First, starting at similar HbA1c levels at baseline, both MAs improved glycemic control, but repaglinide provided greater mean HbA1c reductions than nateglinide, compared with placebo or in combination with metformin. In a head-to-head comparison starting at similar baseline levels, more patients achieved HbA1c levels < 7% with repaglinide + metformin than nateglinide + metformin (59% vs 46%) (P = 0.06)**.
Second, no existing studies compared the efficacy of MAs and sulfonylureas (SUs) or thiazolidinediones (TZDs).
Third, no data exist on the long-term effects of MA on morbidity and mortality. In the RCTs reviewed by Black and colleagues, the median duration of MA treatment was only 16 weeks.
Long-term safety is an important concern, further heightened by the ongoing controversy about TZDs, for which favorable effects on a surrogate measure (HbA1c) are counterbalanced by increases in congestive heart failure and, perhaps, cardiovascular mortality (1, 2).
Fourth, this review provides no insight into the theoretical advantage of MAs over such traditional SUs as glyburide.

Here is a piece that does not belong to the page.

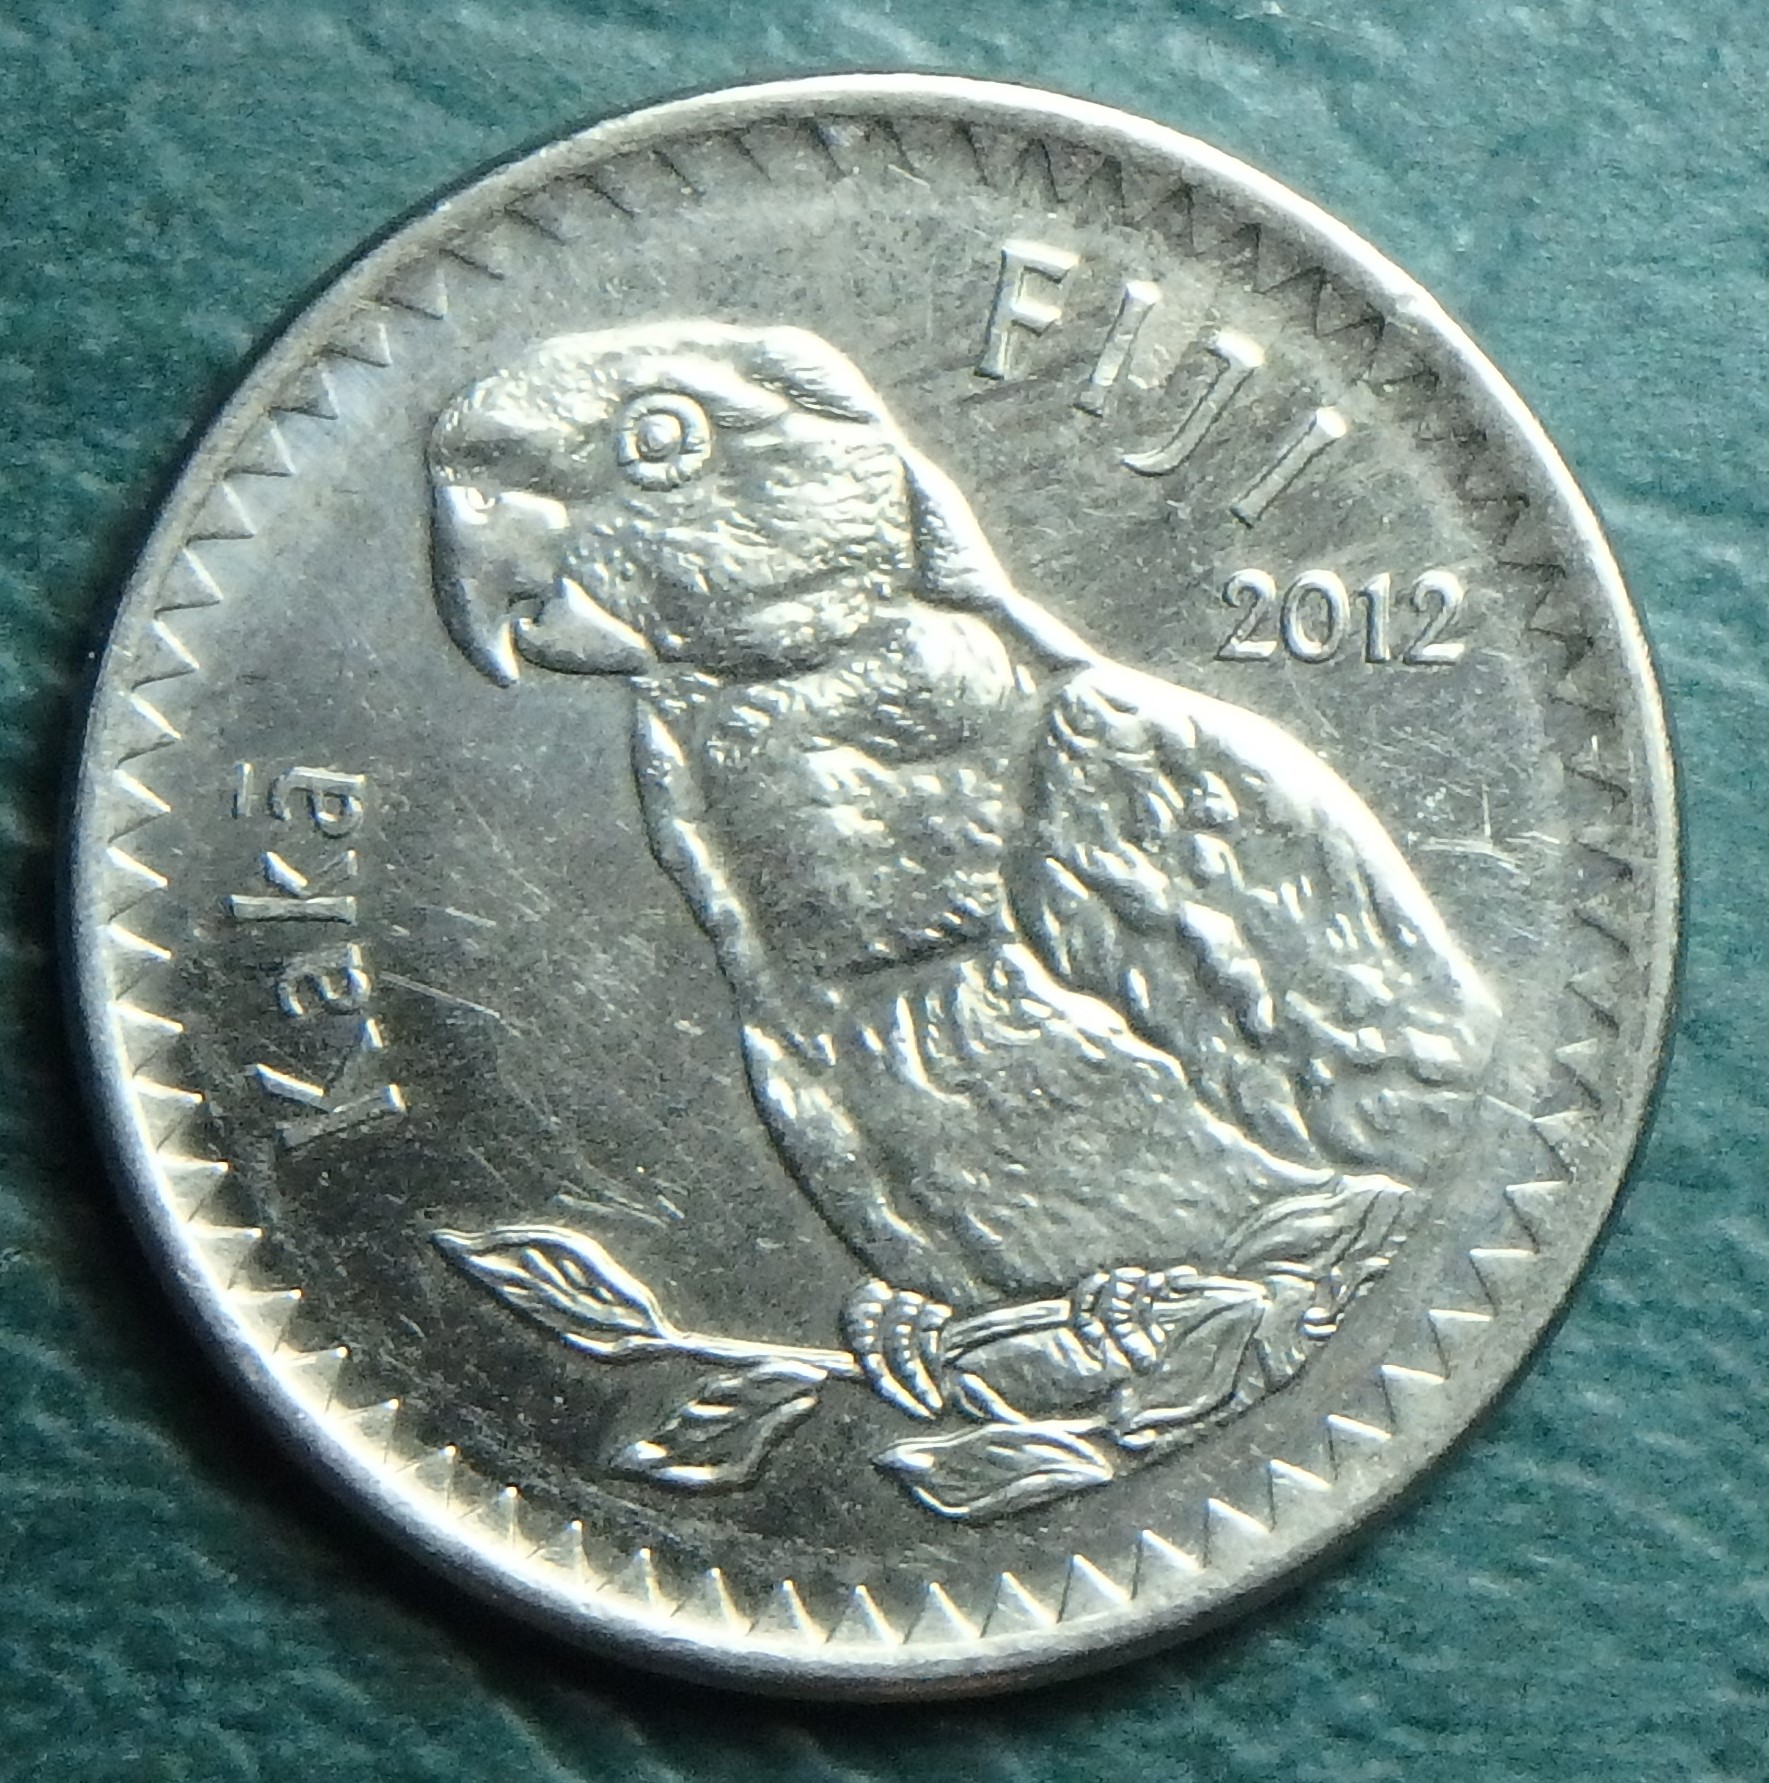 2012 FJ 20 cents obv.JPG

Clinicians may wish to read a recent review of oral hypoglycemic agents by the Agency for Healthcare Research and Quality (3). Neither review provides a compelling reason to use MAs routinely for patients with type 2 DM.
**Calculated from data in article.
Om P. Ganda, MD
Joslin Diabetes Center
Boston, Massssachusetts, USA
1. Nathan DM. Rosiglitazone and cardiotoxicity—weighing the evidence. N Engl J Med. 2007;357:64-6. [PubMed ID: 17551161]
2. Nissen SE, Wolski K. Effect of rosiglitazone on the risk of myocardial infarction and death from cardiovascular causes. N Engl J Med. 2007;356:2457-71. [PubMed ID: 17517853]
3. Bolen S, Wilson L, Vassy J, et al. Comparative effectiveness and safety of oral diabetes medications for adults with type 2 diabetes. Agency for healthcare Researc and Quality. July 2007. effectivehealthcare.ahrq.gov/repFiles/OralFullReport.pdf (accessed 24 July 2007).